## What is required
Take the listing below and print exactly the lines starting at the line containing "e76154132 Lyst - Adina" and ending at the line containing "Sasuke background wallpaper", both ends included, and no others.

################

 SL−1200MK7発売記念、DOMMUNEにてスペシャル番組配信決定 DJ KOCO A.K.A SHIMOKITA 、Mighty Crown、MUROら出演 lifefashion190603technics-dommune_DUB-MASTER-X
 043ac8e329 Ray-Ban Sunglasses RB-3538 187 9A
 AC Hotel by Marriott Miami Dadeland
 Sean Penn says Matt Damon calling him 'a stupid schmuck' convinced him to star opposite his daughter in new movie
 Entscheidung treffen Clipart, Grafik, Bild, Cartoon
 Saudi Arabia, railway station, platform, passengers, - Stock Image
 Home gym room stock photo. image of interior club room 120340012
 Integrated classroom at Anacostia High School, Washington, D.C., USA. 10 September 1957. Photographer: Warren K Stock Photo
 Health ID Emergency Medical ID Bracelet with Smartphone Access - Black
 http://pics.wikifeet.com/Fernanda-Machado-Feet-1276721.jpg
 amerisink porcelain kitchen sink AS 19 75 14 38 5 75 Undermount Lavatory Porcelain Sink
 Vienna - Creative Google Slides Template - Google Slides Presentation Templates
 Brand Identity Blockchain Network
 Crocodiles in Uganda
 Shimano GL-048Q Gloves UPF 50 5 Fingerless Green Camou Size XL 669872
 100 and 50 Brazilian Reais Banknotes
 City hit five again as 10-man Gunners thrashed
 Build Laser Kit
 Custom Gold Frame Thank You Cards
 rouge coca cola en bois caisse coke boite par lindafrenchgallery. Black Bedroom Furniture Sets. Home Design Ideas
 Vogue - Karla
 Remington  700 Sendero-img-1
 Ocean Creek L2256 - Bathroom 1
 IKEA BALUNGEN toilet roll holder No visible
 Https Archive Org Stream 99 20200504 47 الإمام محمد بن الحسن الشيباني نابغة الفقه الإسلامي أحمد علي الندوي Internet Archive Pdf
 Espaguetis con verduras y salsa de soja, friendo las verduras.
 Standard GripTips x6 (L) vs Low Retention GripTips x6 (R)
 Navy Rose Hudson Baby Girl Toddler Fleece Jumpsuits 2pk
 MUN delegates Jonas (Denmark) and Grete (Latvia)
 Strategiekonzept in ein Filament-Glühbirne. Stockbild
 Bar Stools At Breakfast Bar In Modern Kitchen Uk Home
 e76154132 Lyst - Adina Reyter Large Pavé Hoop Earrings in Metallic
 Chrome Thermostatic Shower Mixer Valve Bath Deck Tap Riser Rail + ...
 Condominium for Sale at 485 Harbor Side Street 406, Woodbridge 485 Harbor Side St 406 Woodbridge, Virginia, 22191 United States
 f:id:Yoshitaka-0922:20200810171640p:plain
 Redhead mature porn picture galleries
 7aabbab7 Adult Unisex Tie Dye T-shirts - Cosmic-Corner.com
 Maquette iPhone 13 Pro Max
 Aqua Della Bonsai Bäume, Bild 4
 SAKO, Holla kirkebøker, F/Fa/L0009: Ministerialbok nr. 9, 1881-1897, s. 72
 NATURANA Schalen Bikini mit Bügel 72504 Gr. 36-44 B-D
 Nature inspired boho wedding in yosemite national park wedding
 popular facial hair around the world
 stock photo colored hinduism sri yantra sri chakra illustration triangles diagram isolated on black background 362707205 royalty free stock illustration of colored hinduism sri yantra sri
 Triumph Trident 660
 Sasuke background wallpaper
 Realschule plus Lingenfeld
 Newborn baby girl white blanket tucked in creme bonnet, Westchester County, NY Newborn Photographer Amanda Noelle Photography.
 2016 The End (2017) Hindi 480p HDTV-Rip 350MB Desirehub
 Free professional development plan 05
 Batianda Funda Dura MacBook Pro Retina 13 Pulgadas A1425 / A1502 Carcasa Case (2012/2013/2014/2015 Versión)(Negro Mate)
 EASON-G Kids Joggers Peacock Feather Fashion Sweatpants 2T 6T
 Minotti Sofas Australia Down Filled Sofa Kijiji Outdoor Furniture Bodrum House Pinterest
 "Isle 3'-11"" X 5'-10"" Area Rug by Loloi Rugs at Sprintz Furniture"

################

## Result of the exercise
 e76154132 Lyst - Adina Reyter Large Pavé Hoop Earrings in Metallic
 Chrome Thermostatic Shower Mixer Valve Bath Deck Tap Riser Rail + ...
 Condominium for Sale at 485 Harbor Side Street 406, Woodbridge 485 Harbor Side St 406 Woodbridge, Virginia, 22191 United States
 f:id:Yoshitaka-0922:20200810171640p:plain
 Redhead mature porn picture galleries
 7aabbab7 Adult Unisex Tie Dye T-shirts - Cosmic-Corner.com
 Maquette iPhone 13 Pro Max
 Aqua Della Bonsai Bäume, Bild 4
 SAKO, Holla kirkebøker, F/Fa/L0009: Ministerialbok nr. 9, 1881-1897, s. 72
 NATURANA Schalen Bikini mit Bügel 72504 Gr. 36-44 B-D
 Nature inspired boho wedding in yosemite national park wedding
 popular facial hair around the world
 stock photo colored hinduism sri yantra sri chakra illustration triangles diagram isolated on black background 362707205 royalty free stock illustration of colored hinduism sri yantra sri
 Triumph Trident 660
 Sasuke background wallpaper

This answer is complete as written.